**Task objective**
The answer is all of the data repeated exactly, with each picture omitted.

**Information shown**
○ ○ ○ ○ ○ ○ ○

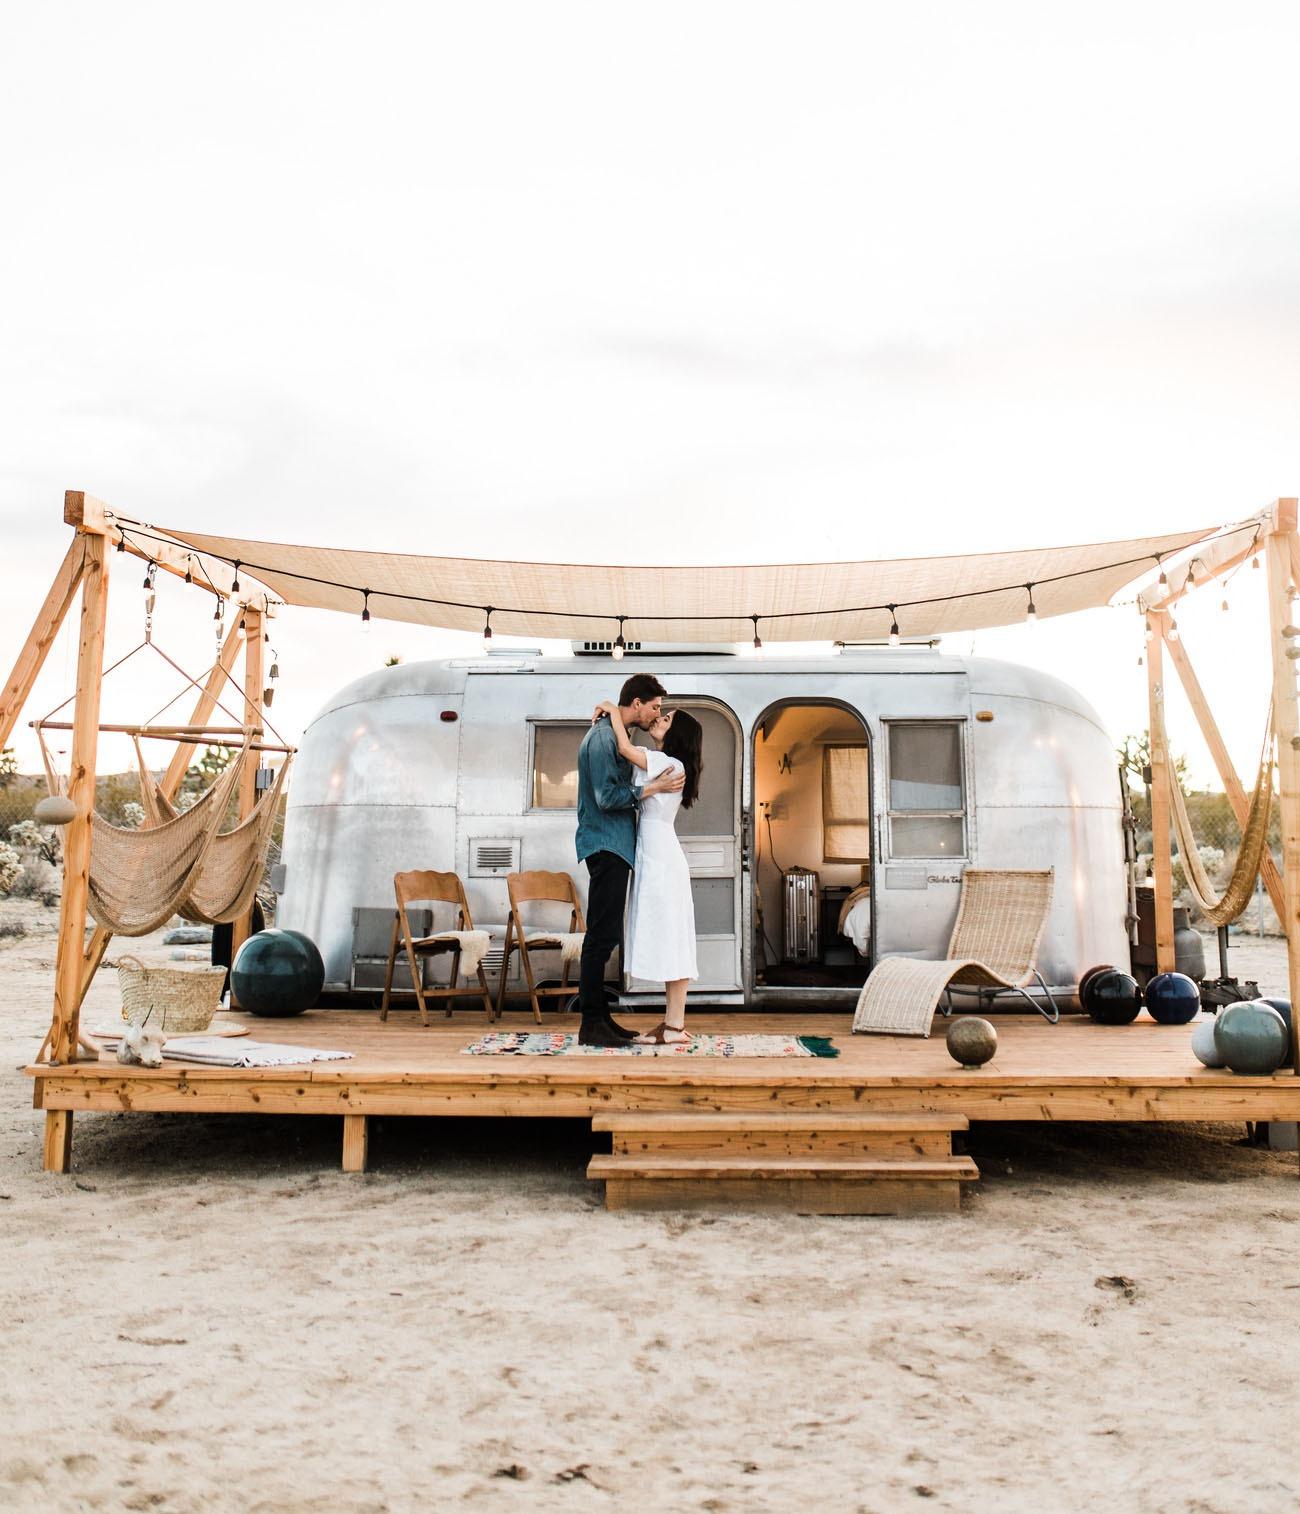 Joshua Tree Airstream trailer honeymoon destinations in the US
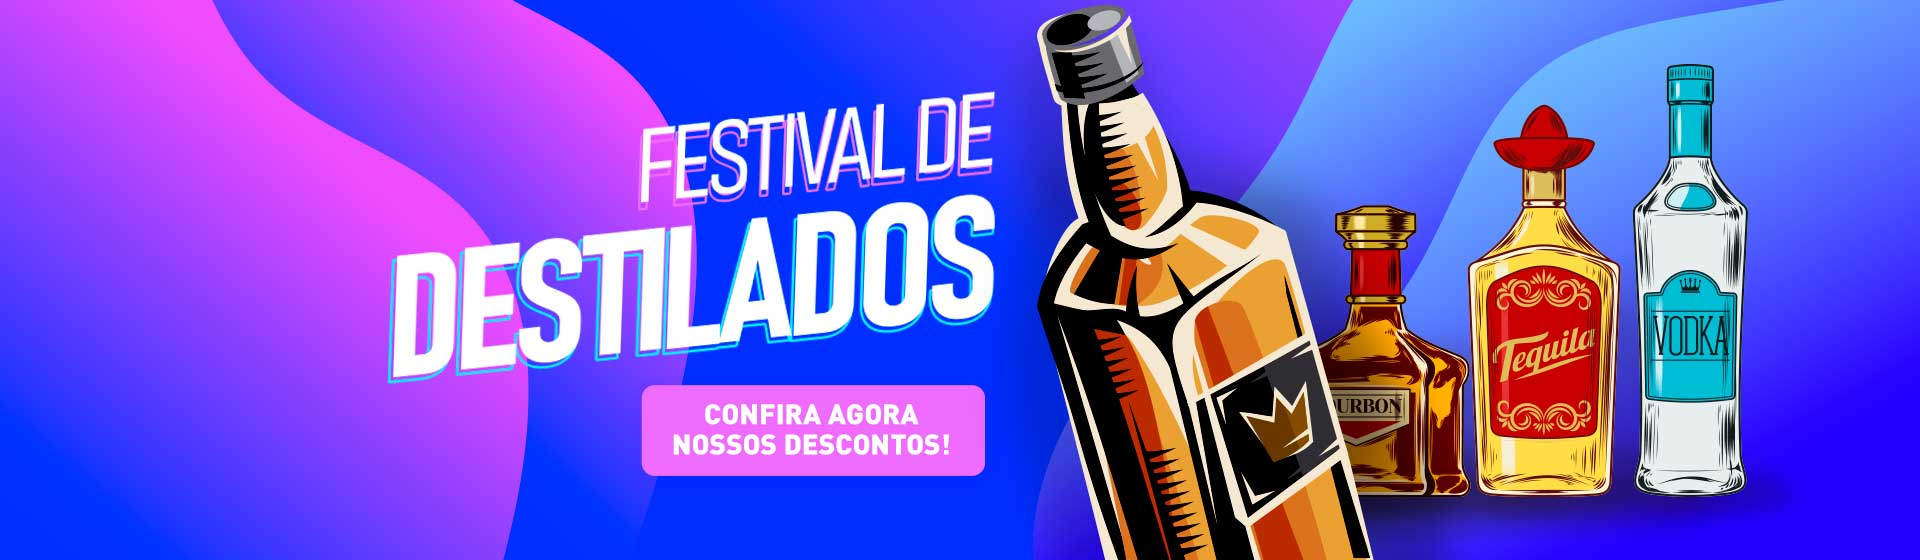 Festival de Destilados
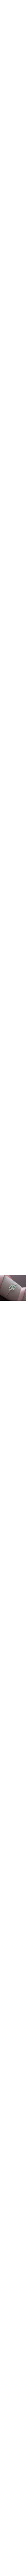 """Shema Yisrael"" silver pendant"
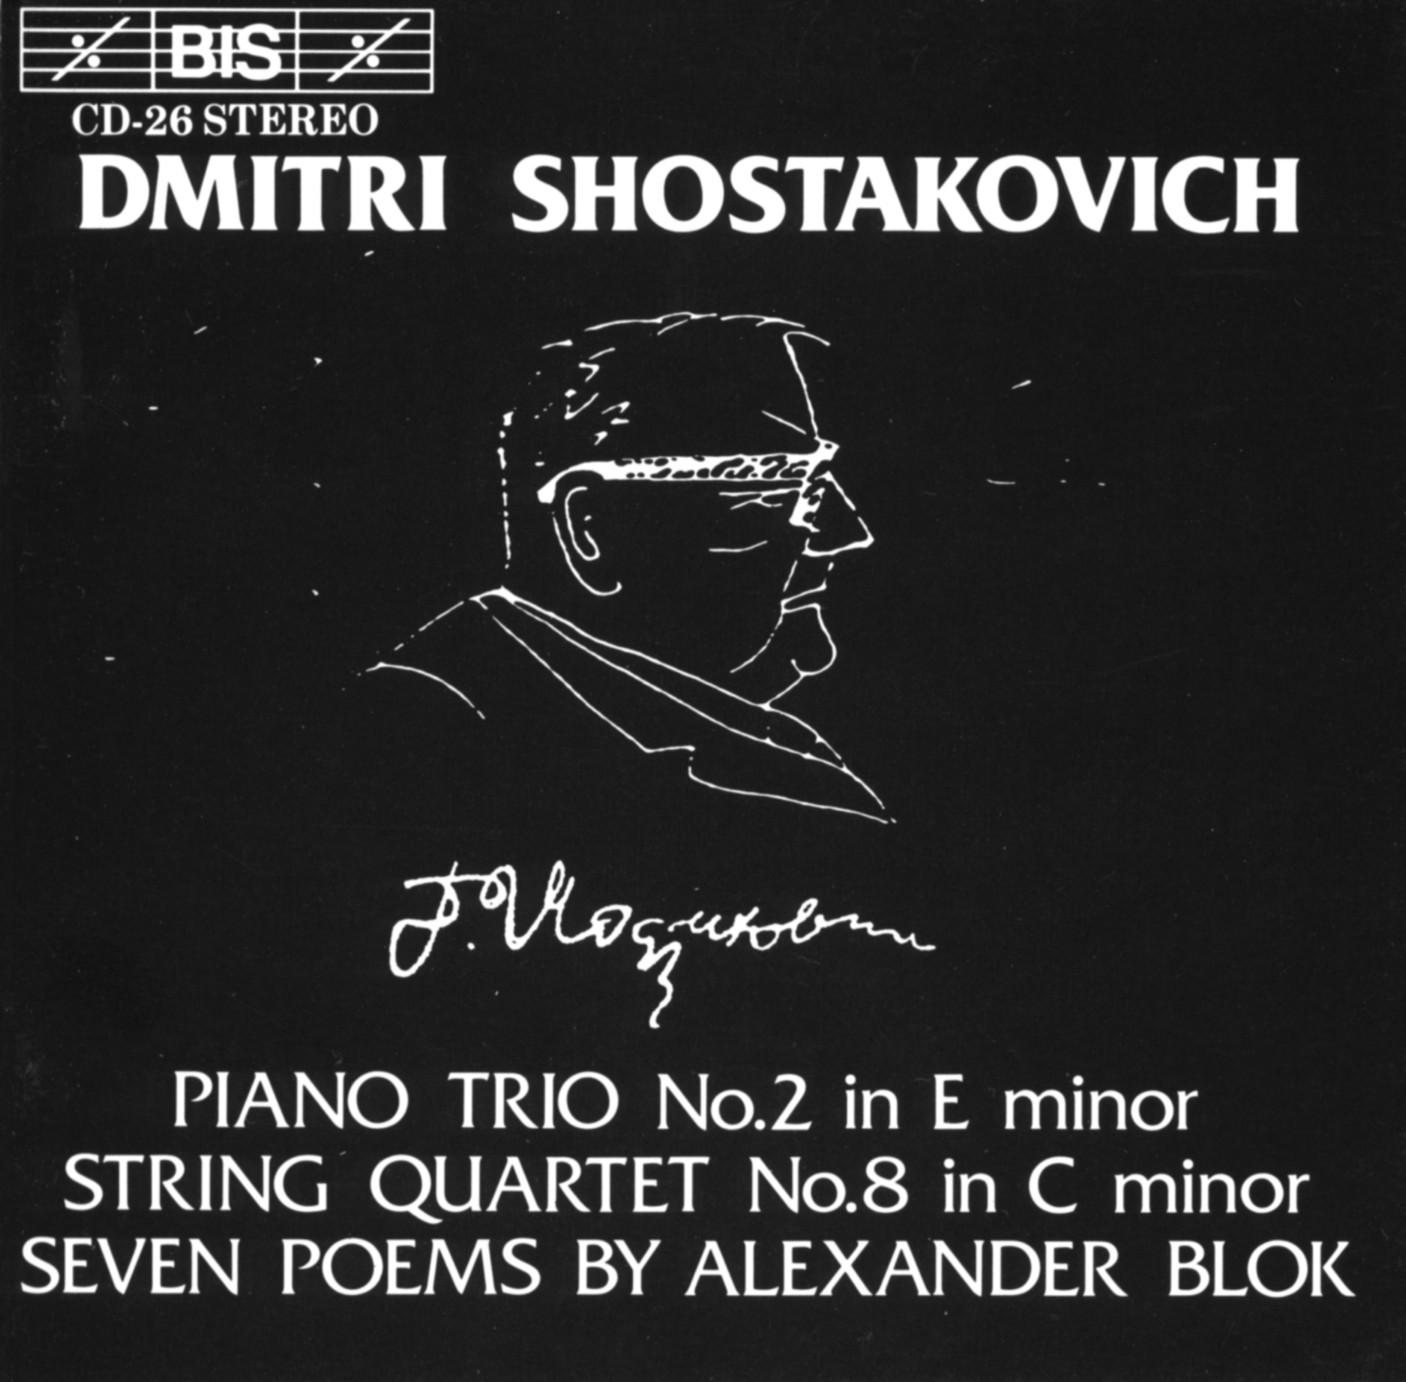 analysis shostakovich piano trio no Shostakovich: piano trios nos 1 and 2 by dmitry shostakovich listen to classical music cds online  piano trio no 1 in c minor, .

○ ○ ○ ○ ○ ○ ○

**Worked solution**
 Joshua Tree Airstream trailer honeymoon destinations in the US
 Festival de Destilados
 """Shema Yisrael"" silver pendant"
 analysis shostakovich piano trio no Shostakovich: piano trios nos 1 and 2 by dmitry shostakovich listen to classical music cds online  piano trio no 1 in c minor, .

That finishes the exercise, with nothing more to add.